Father’s help. Wrong crowd. He was one of those troubled daddy needs to bail me out kids. What had he done?
Nadim
knew what she was thinking. “Don’t worry, Reena, it wasn’t illegal or anything. Just a lapse in judgment. Anyway, I promised my father I’d put it behind me,” he continued. “And he helped me do that.”
Reena closed her eyes as the comb scraped behind her ear, causing her to shiver. She didn’t know what to say next. Nadim seemed to have no desire to talk about the details, and maybe for good reason. She could bet his father told him not to tell anyone, especially not her father. And why should Nadim trust Reena? After all, as Dad said, the business was a family business—and she was a Manji.
But she wouldn’t betray him. She didn’t work for her father and had no obligation to carry out his corporate espionage. Dad would judge Nadim for his past. Just like he judged Reena for every mistake she made. She couldn’t subject Nadim to that.
“I think I get it,” she said quietly. “I know I’ve made mistakes, before. Lapses in judgment.”
He silently took the hair tie out of the next segment of hair and started combing.
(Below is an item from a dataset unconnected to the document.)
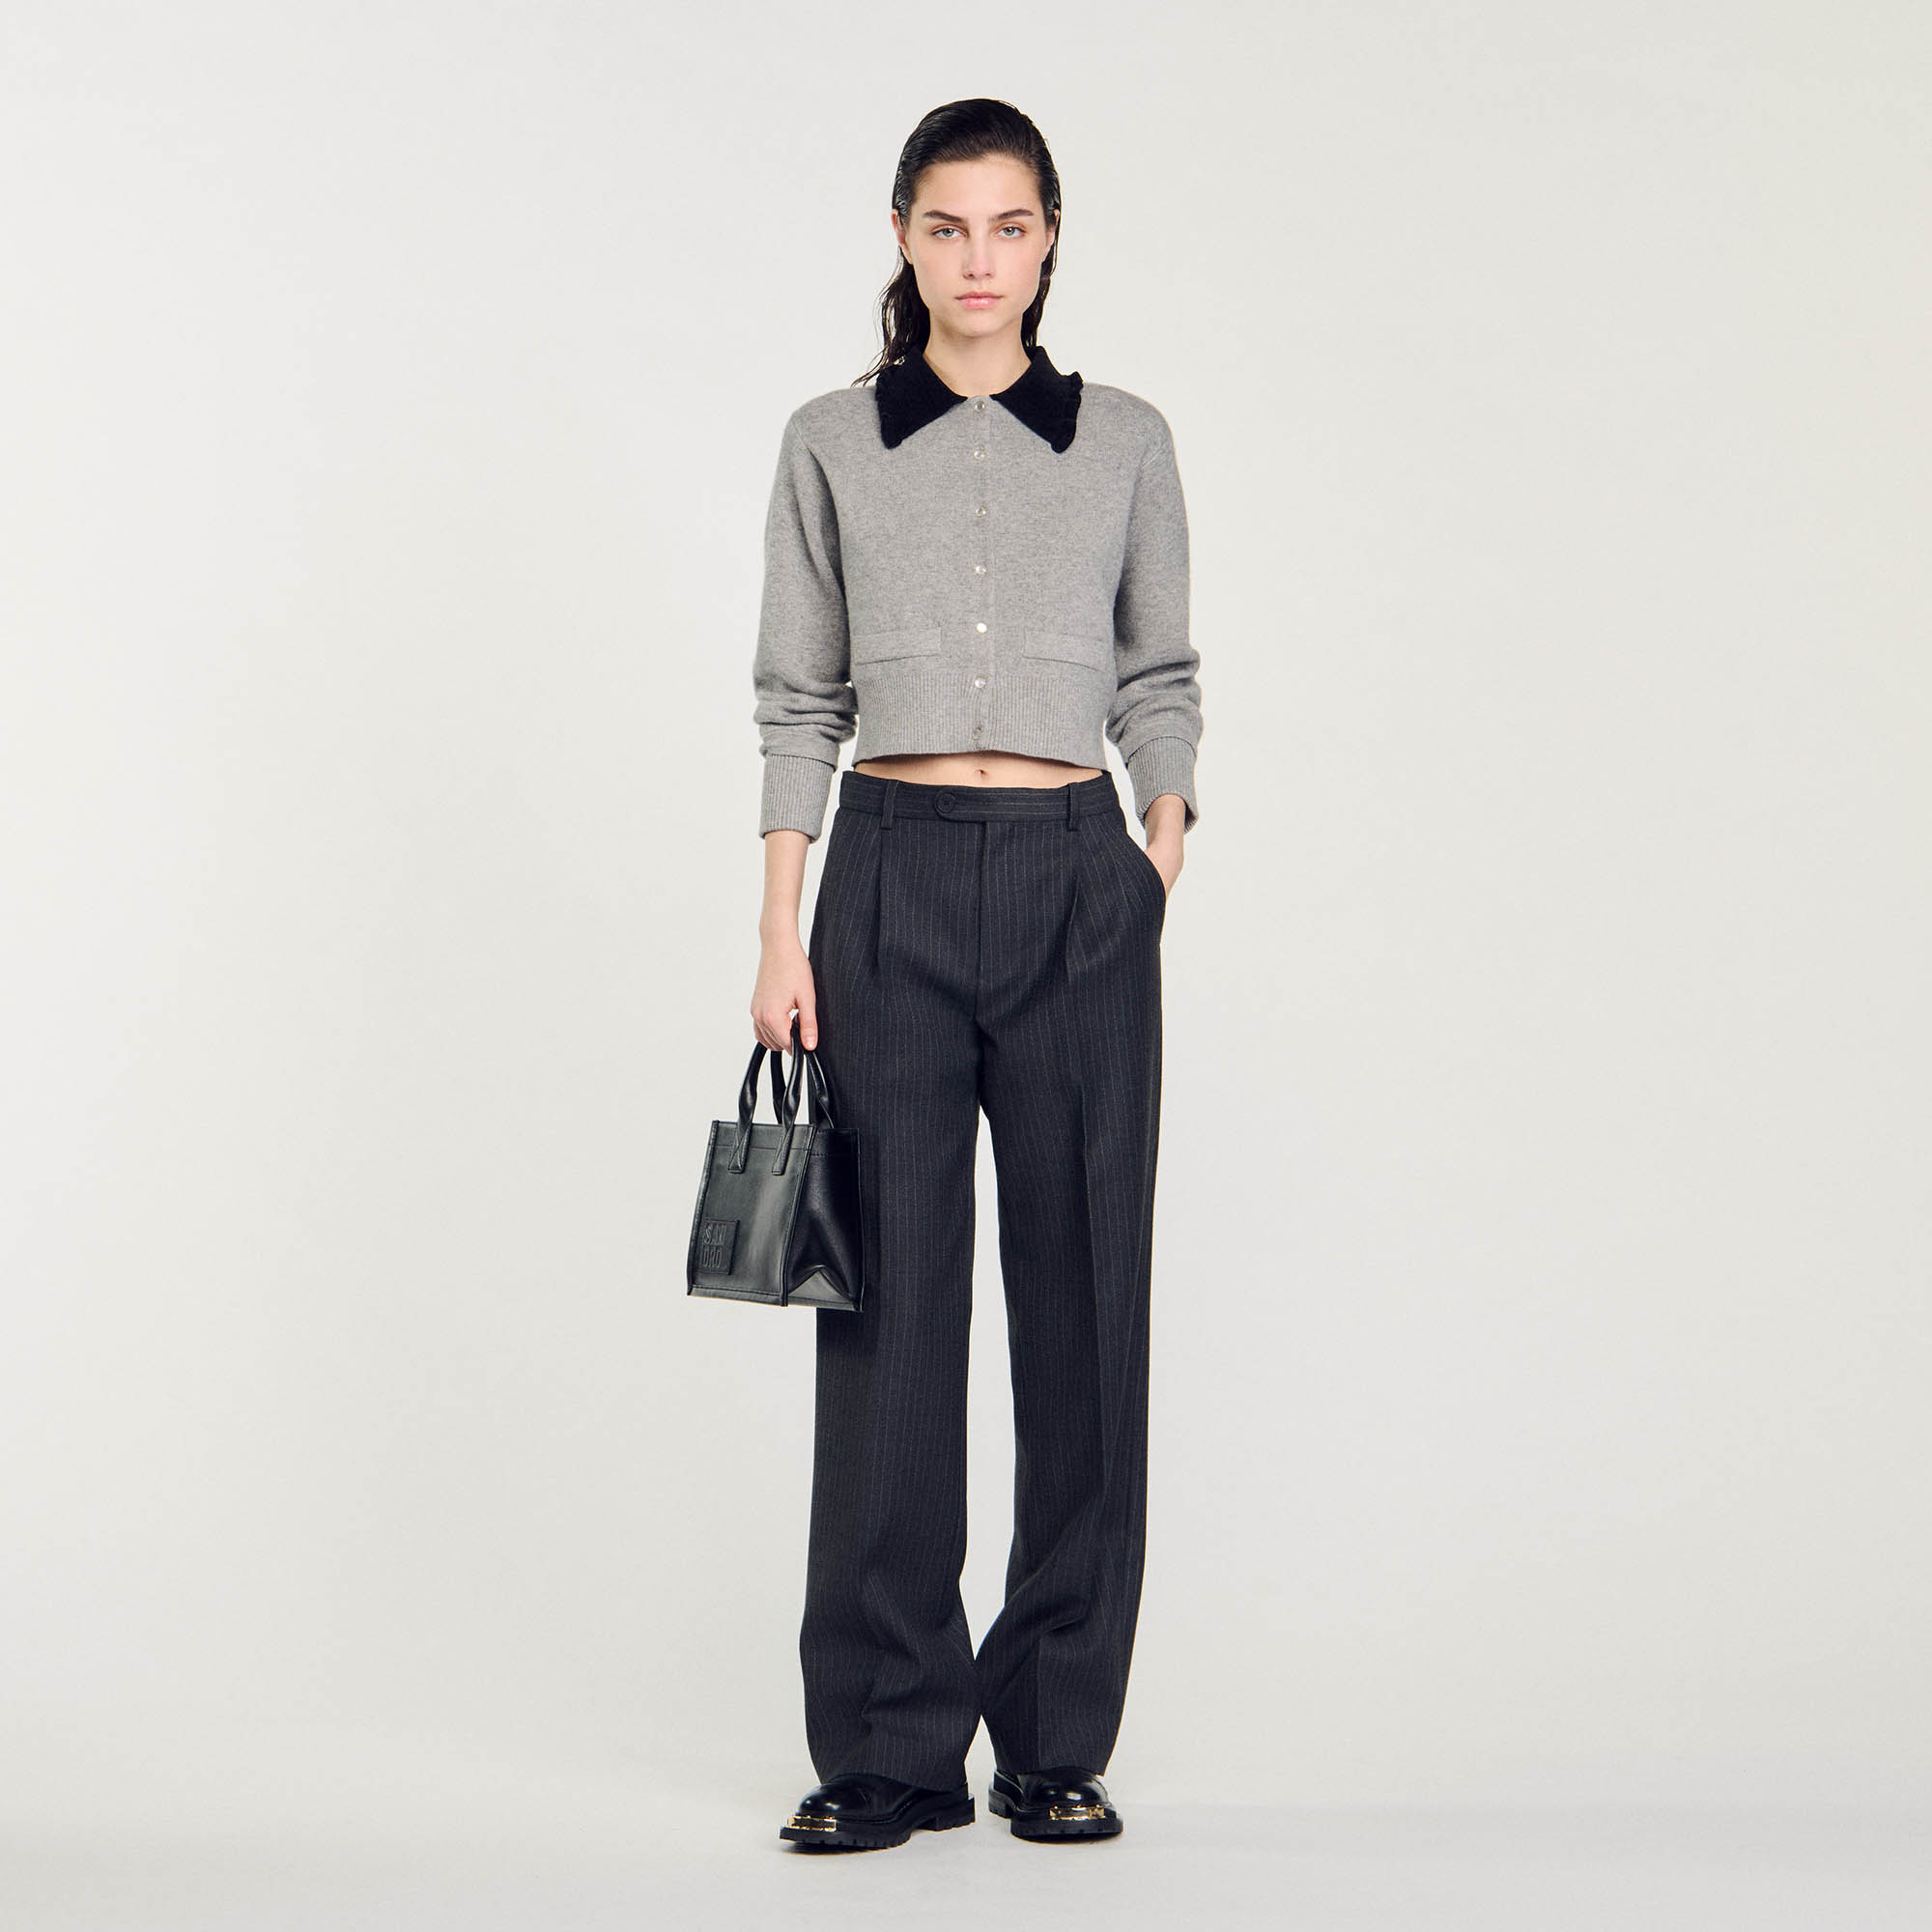 Sandro viscose Cropped shirt-style coatigan with a contrasting velvet collar, long sleeves, and a button fastening

They were both silent for a bit while he worked through her hair. As he gently tilted her head to get behind her other ear, he asked, “Reena, are you glad I moved here?”
What a question. Yesterday, she would have said maybe. Probably. But now? After hearing him tell the truth about why he was here? “Yes. I’m glad you’re here. I’m sorry things went badly for you in London, but I’m glad you’re getting a second chance.” Her voice quieted. “And I’m glad to have you for company when my life is complete shit.”
“I’m glad I’m here, too.” She heard the smile in his voice. After a few more runs of the comb, he straightened her head and ran it down the middle of her now fully loose hair. “You have such soft hair,” he murmured, letting his fingers trail down her neck and behind her ear. She shivered again.
“Thank you.”
“It’s a lot longer wet. I guess because the curls are stretched out. No more bungee jumping.” He scraped the comb through the top of her head with his right hand while his left hand dug into the back, raking his fingers through the wet strands.